I don't understand people well enough. I met a man who called me "amigo" today because I helped him find a book he lost over a decade ago: "The Three Wars of Roy Benavidez." I found it ten feet up, just under the ceiling on what I thought was a fool's errand and then ran down the stairs, hoping to catch the guy before he left the store and I did and he shook my hand. I like helping peeps at the store. This other guy asked me where Arthur Conan Doyle was today because it's not mixed in with the Mystery & Suspense section. And I knew what I was doing. I had just reorganized the Holmes section into 4 subsections: "Holmes Movies," "Holmesology,""Holmes, Various Authors," and "Holmes, Arthur Conan Doyle." I told him he might also find some of his stuff in the Sci-Fi section at the back of the store and that I had seen The Lost World there the last time I checked. The guy seemed gratified.

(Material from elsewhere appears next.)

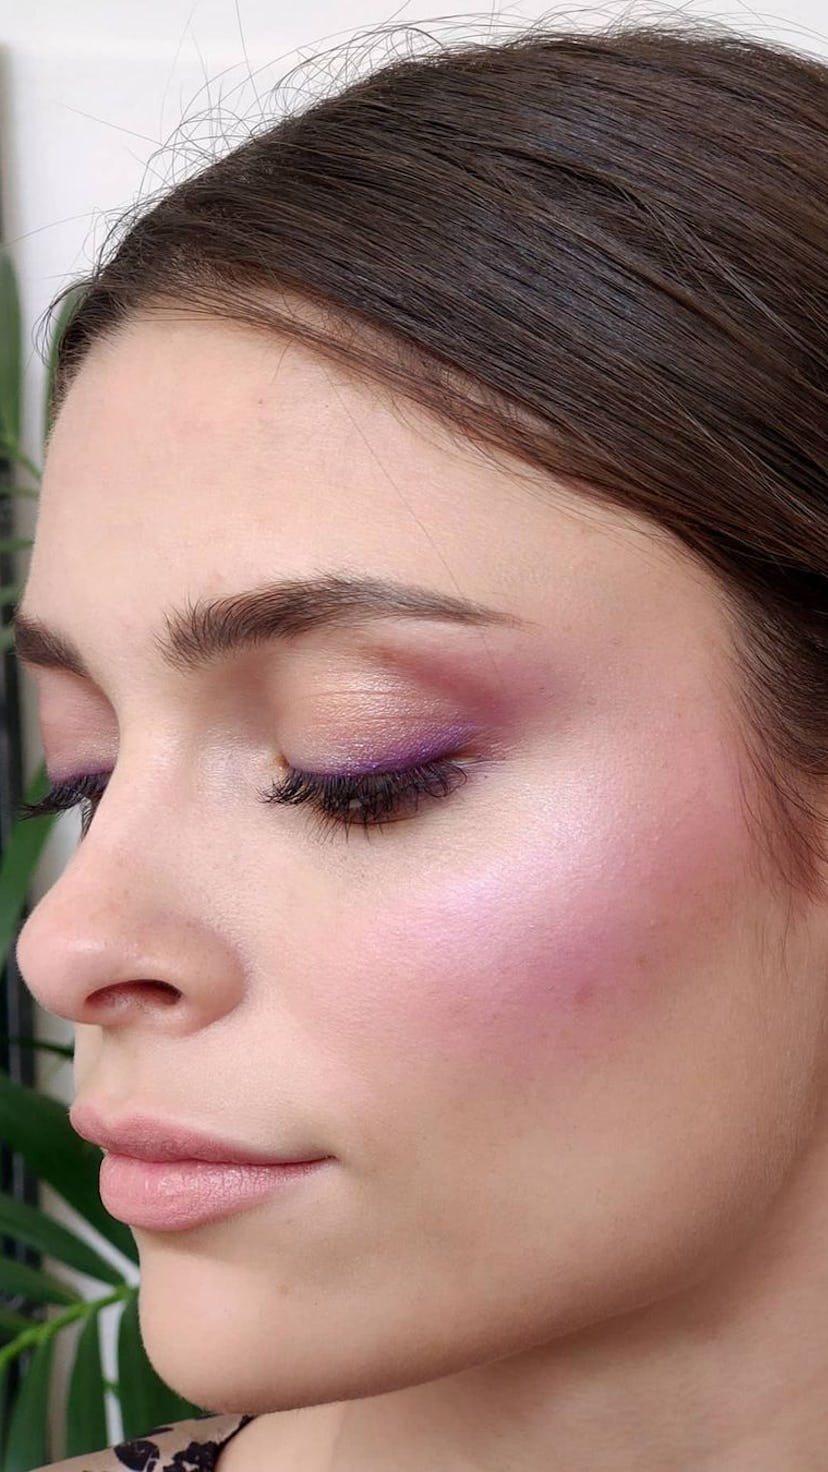 A woman with her eyes shut posing with purple blush applied to her cheeks

When I went through Central America in 2005, I would tell people my name and they would often say, "Oh. Peter Parker," and mime taking my photograph or shooting web at me from their palm. I got the same thing from a guy I introduced myself to at work about a month ago, and he was Argentinian, so I wonder if there is some kind of connection Spiderman has with Latin America that I don't understand.
I like Sam Raimi's Spiderman 2 a whole lot. I've been thinking about it lately. Peter doesn't think he can handle being Spiderman anymore. He has two jobs, an academic career, his relationships with Aunt May, Mary Jane, and Harry Osborne, and he has to save the city from the Doctor Octavious and its much too much. Either he can be Spiderman and endure the suffering that entails or he can be the kind of guy who sits on his couch and watches Spiderman 2 on a Tuesday afternoon and take it easy. In the end, he puts his suit back on and this actually saves his life and probably the entire city; he suffers a little and they all benefit.
I had a dream last night that I was on a a movie crew and we ran late on the schedule and they were going to shut down because we didn't have enough time to get all the shots we needed. I asked the director what we needed and he answered "6 days." I said "Well, why don't we make a shitty movie in 3 days?" and that was the end of the dream as far as I can remember it.
"That's your back," someone told a boy when he made a face while lifting a cinder block. This was his first day of work in his life. He was 15. "It's gonna smart you for the next 40, 50 years."